- What is required:
For this exercise, write out the whole listing below exactly, omitting its images.

- Dataset section:
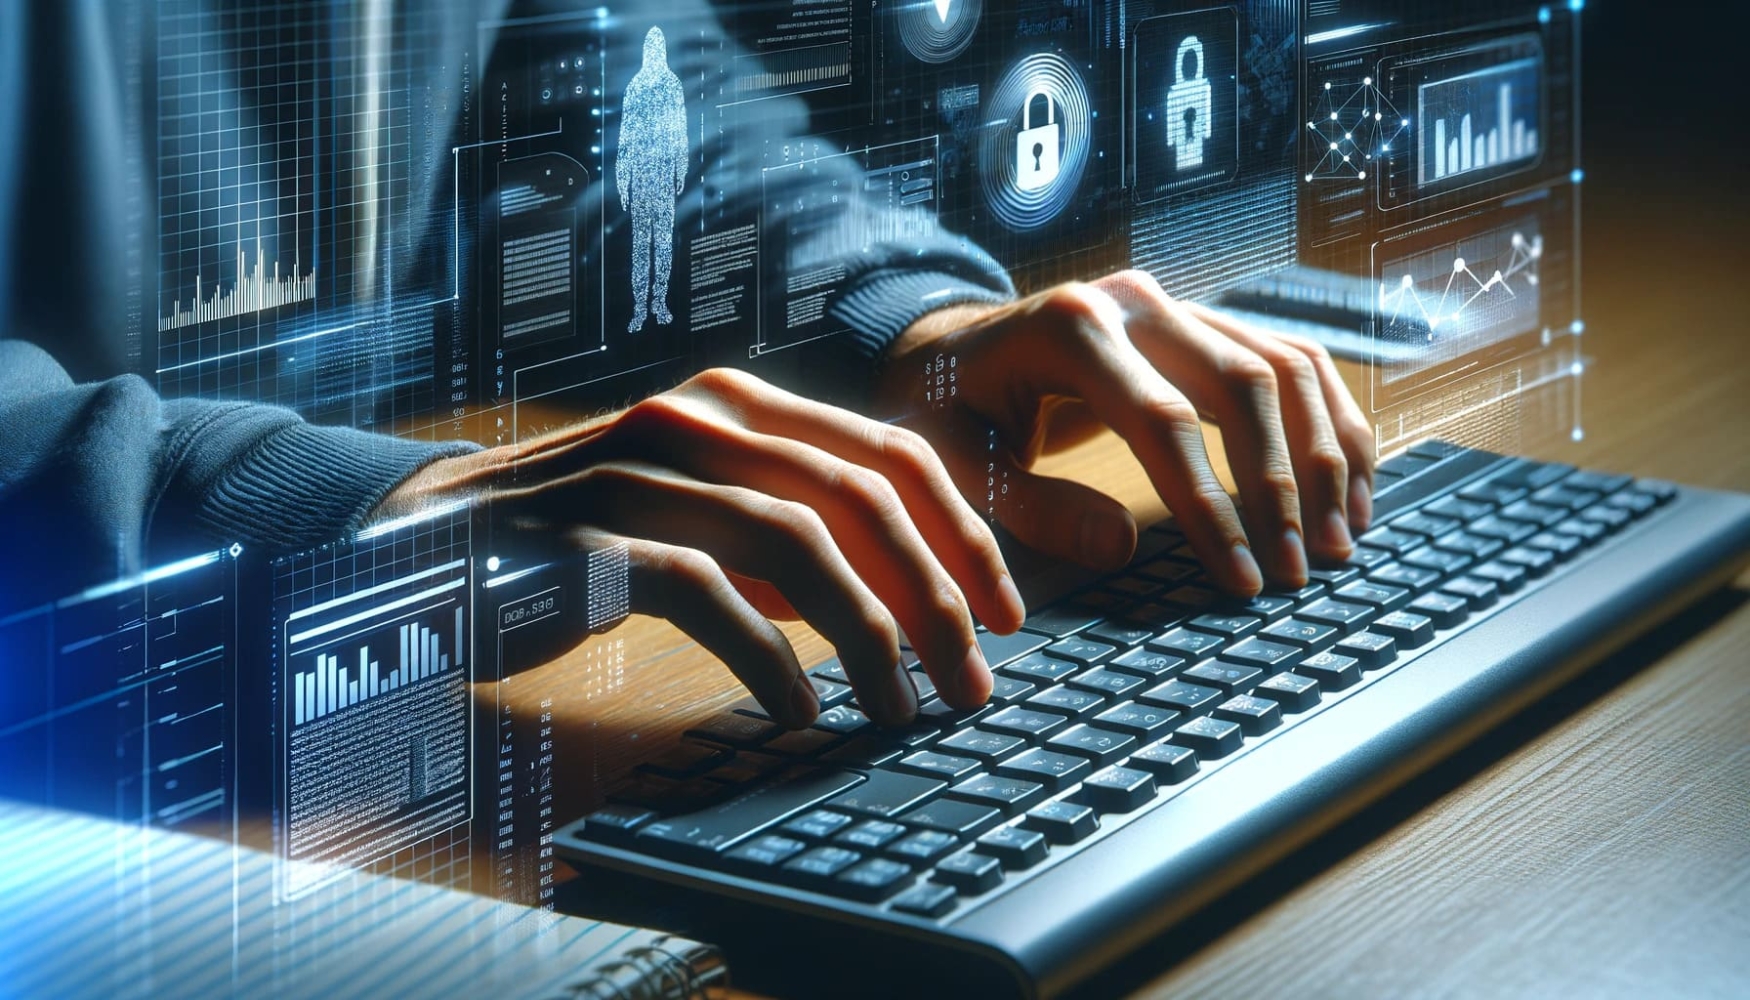 Computação gráfica de um homem digitando em um teclado, com um fundo futurista atrás dele e uma imagem digital de uma mão no teclado
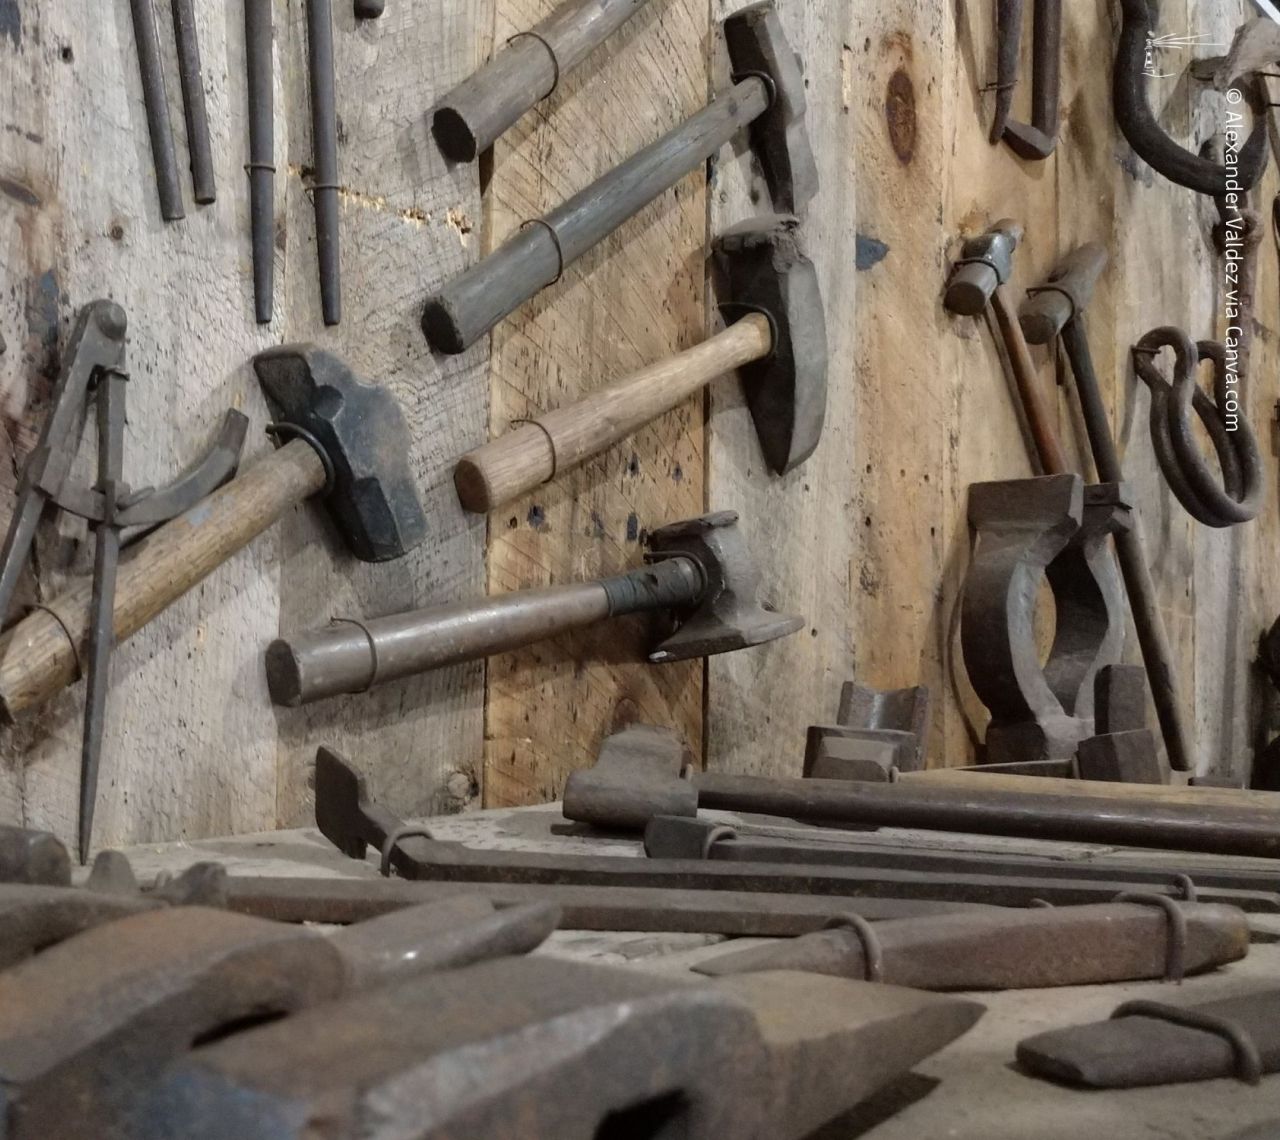 Holzwand mit sorgfältig angeordnetem Werkzeug
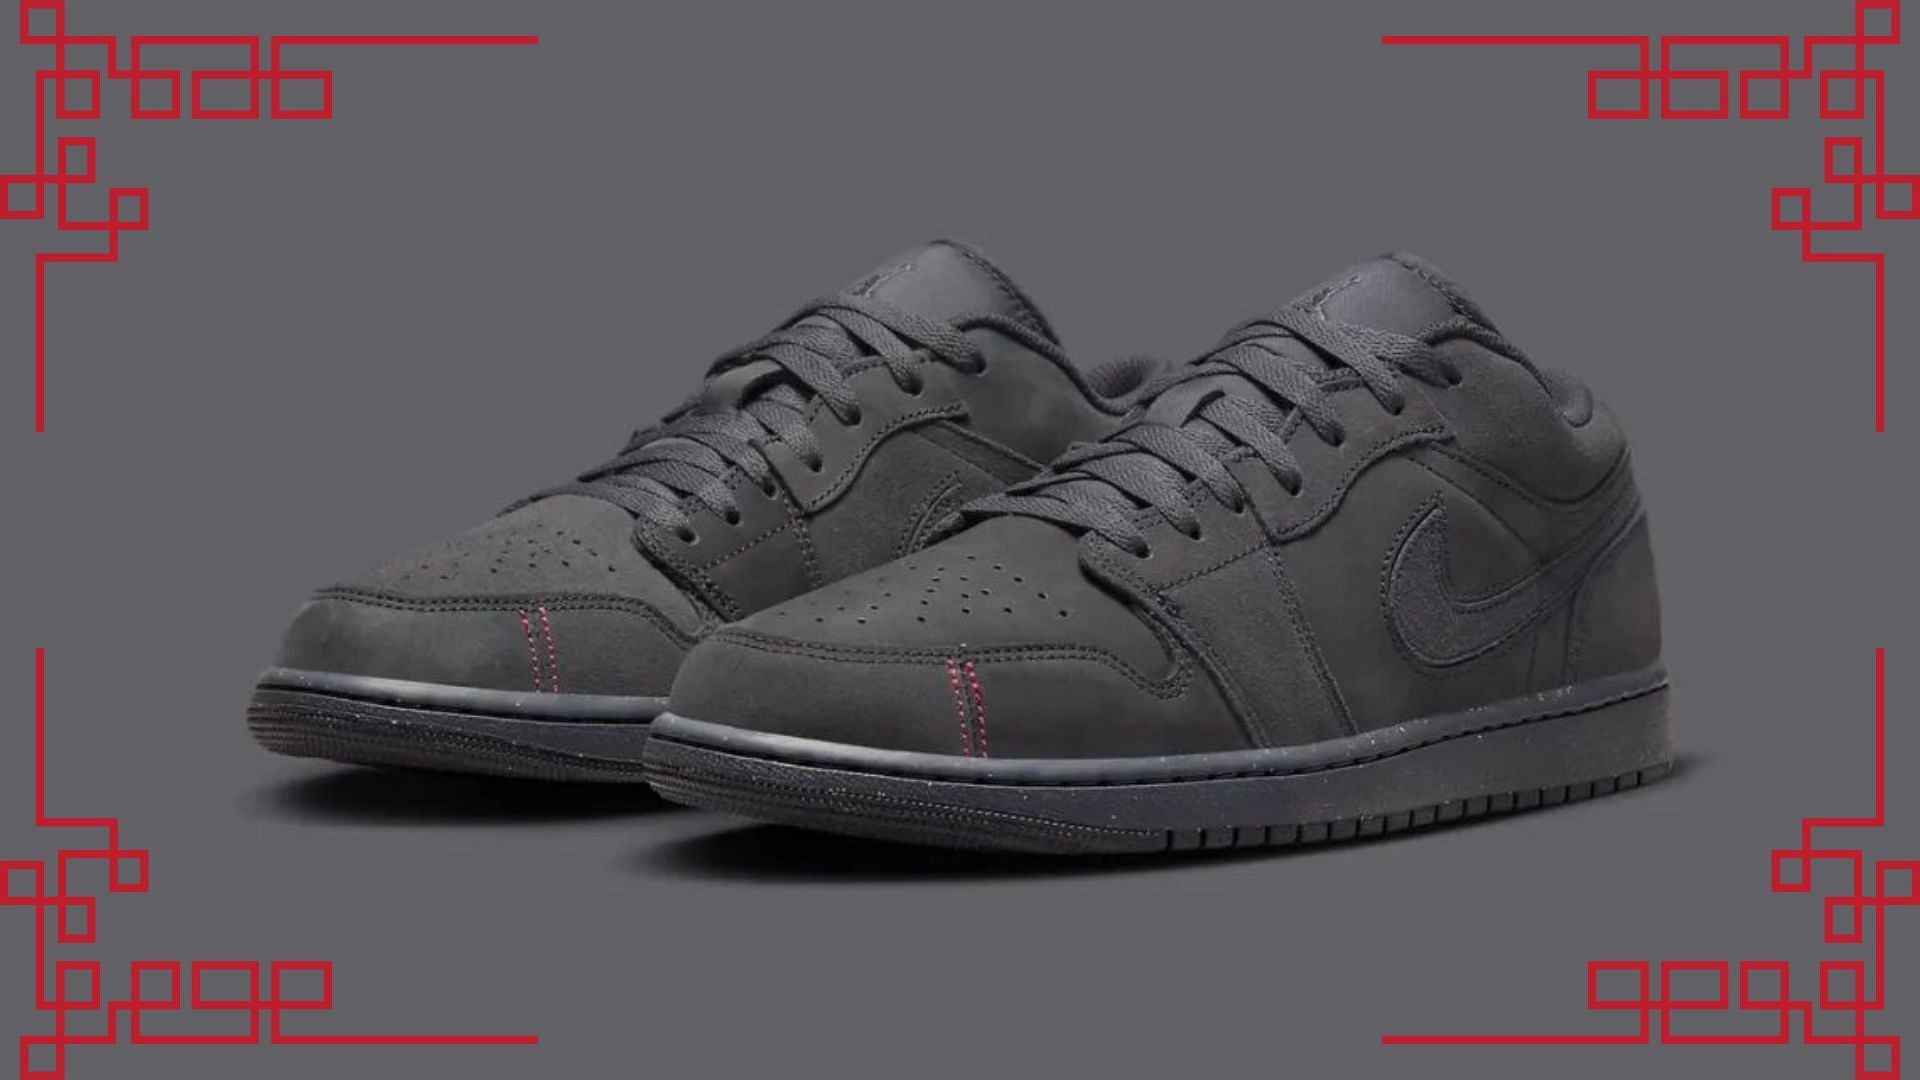 Air Jordan 1 Low sneakers (Image via Nike)
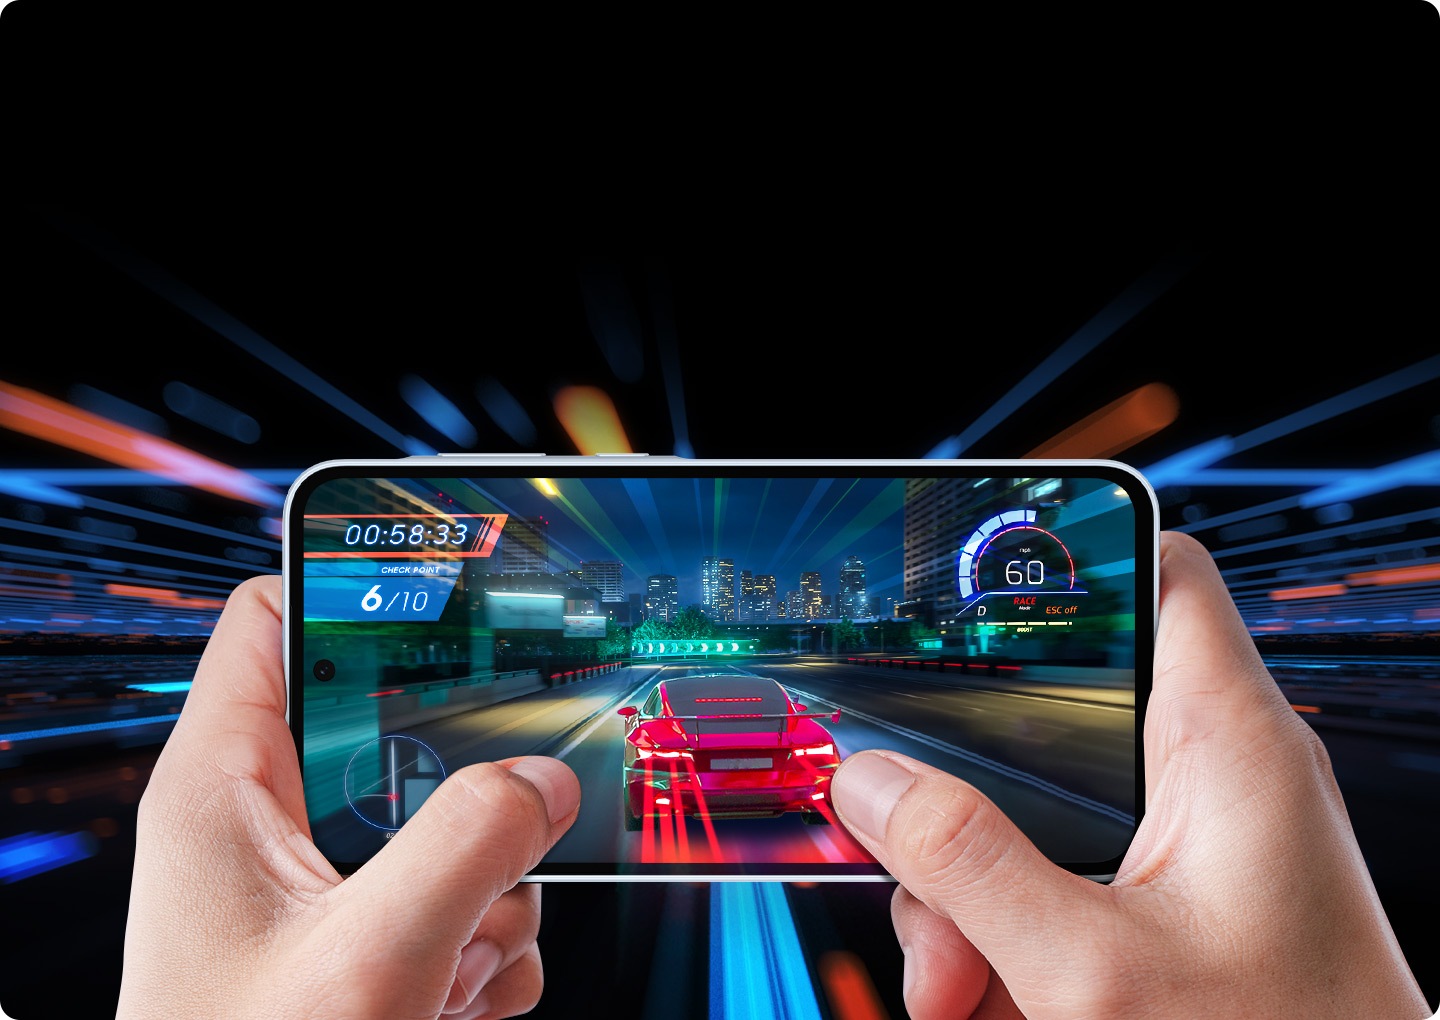 ภาพมุมมองบุคคลที่หนึ่งของเกมแข่งรถที่เล่นอยู่ในสมาร์ทโฟนที่ถืออยู่ในมือสองข้าง เกมแสดงผลรถสปอร์ตสีแดงคันหนึ่งที่เร่งความเร็วไปบนถนนไฮเวย์ในเมืองยามค่ำคืน

- Written solution:
 Computação gráfica de um homem digitando em um teclado, com um fundo futurista atrás dele e uma imagem digital de uma mão no teclado
 Holzwand mit sorgfältig angeordnetem Werkzeug
 Air Jordan 1 Low sneakers (Image via Nike)
 ภาพมุมมองบุคคลที่หนึ่งของเกมแข่งรถที่เล่นอยู่ในสมาร์ทโฟนที่ถืออยู่ในมือสองข้าง เกมแสดงผลรถสปอร์ตสีแดงคันหนึ่งที่เร่งความเร็วไปบนถนนไฮเวย์ในเมืองยามค่ำคืน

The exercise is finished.